Just to give some more background on the data format, for offline use
(aka all use until phase 3) the data format will be CSV for data without
a binary component (basically using katello-cli-csv for Ph 1, and then
building off of that in future iterations), and exported tgz for repos
and such. This all gets wrapped up into a bigger tgz, possibly with an
additional bit of metadata. The reason for CSV instead of JSON is that
it's easier for someone to hand-inspect to see what's being loaded.

Some users may want to export in ISO format, but I think manual use of
mkisofs or genisoimage after the export is created should be ok.

The format for online xfer (phase 3) is not decided on yet. It may be a
dynflow task that does a bit of discovery via API calls or local calls
and then making a number of API calls to the other Katello after
creating a set of tasks for what needs to happen. I have some learning
to do in this area so the doc is a bit vague :slight_smile:

For Phase 3, I would like to ensure that APIs for manipulating data all
work for doing "inverse" operations (i.e., for a given call, the output
of a GET works as input for the POST or PUT on a different server). IMO,
having to massage the data after its pulled out adds brittleness. I
don't know how feasible this goal is but I would like to try. There's no
need for hand-inspection of data here, so we can just use JSON without
conversion to CSV.

I'll update the doc with this info today.

>
> * It also seems like the notion of live connect (think manifest
> chaining) is not in the cards. Is that correct?

The plan we have currently is that inter-server-sync does not deal with
manifests; the user would need to import them as they normally would.

>
> Looking at The phase 1 Hammer Design
>
> A) The pattern seems to be to pull out repos and products via the CLI.
> HOw much harder would it be to specify a root ENV and Content View to
> scope the calls? I ask because that would make it much more powerful in
> phase 1.

The main snag we hit with export/import of content views outside of the
default view in library is the following:

  • user exports CV1 at version 1 from Katello A
  • user imports CV1 at version 1 to Katello B
  • user updates CV1 (now at version 2) on Katello A
  • user updates CV1 (also now at version 2) on Katello B

At this point, Katello A and B have CV1 version 2, but they are
different. When exporting CV1 version 2 from A and importing to B, what
would be the best behavior?

One way could be to make imported CVs "locked" somehow so they could
only be updated via import. If someone wanted to modify it for local
use, they could create a CCV using the locked CV.

>
> B) What is the output format of hammer repository export --id <id>. If I
> am air gapped, how am I walking it across the network boundaries?

The export would be tgz. Users would need to scp it or have some other
means to obtain it locally before walking it over. We could add "export
and then download it locally" to hammer as a feature but it's currently
not on the doc.

>
> C) With your step entitled (# replace URL with on-disk location for
> place to sync from on destination katello), I assume this will work for
> Red Hat Conent only?
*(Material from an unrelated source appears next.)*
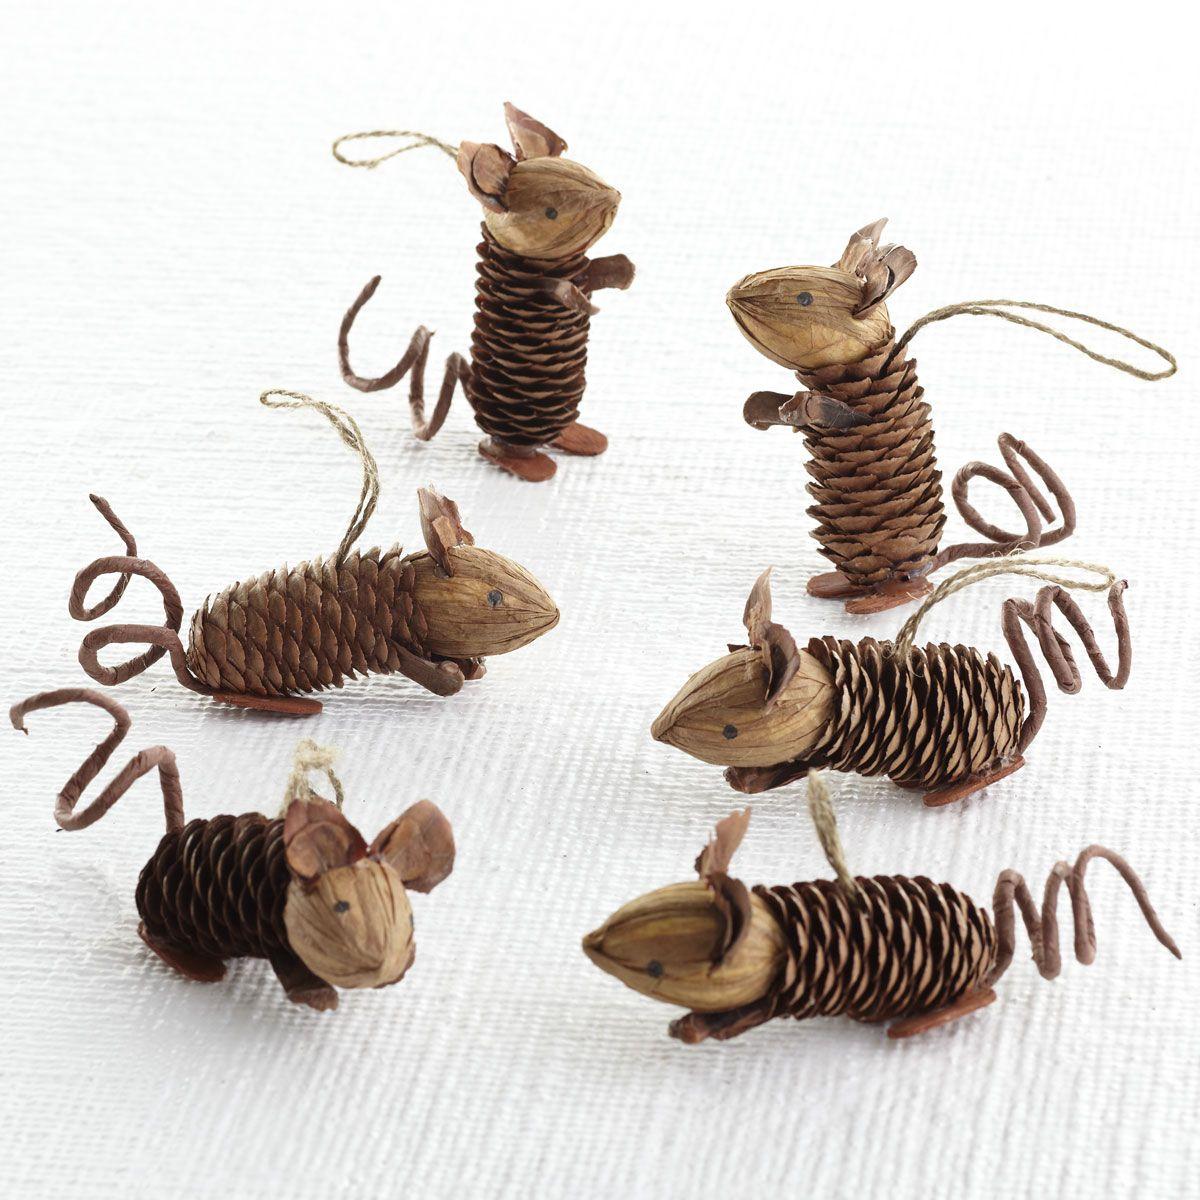 automne-hiver - souris avec cônes de conifères   art manuel

How do you envision a model where a disconnected
> satelite gets Red Hat and some custom content from a different
> satellite, and some is mirrored from other internal repos?

I would like for the repo URL swap to go away ASAP :slight_smile: I believe it
should be constrained to just the products being exported though, so it
should not affect other repos.

Having said that though, we may want to investigate uploading content
into the destination instead of syncing from filesystem. This would let
the repo description (sync url and such) in Katello and Pulp on the
destination be 1:1 with the source. IMO, sync instead of upload would be
a Phase 3 optimization for online cases.

>
> D) Why the limitation on rpm only content?

Only because rpm + errata seems to be the most requested, and I would
rather get things nailed down with this before moving on to other types.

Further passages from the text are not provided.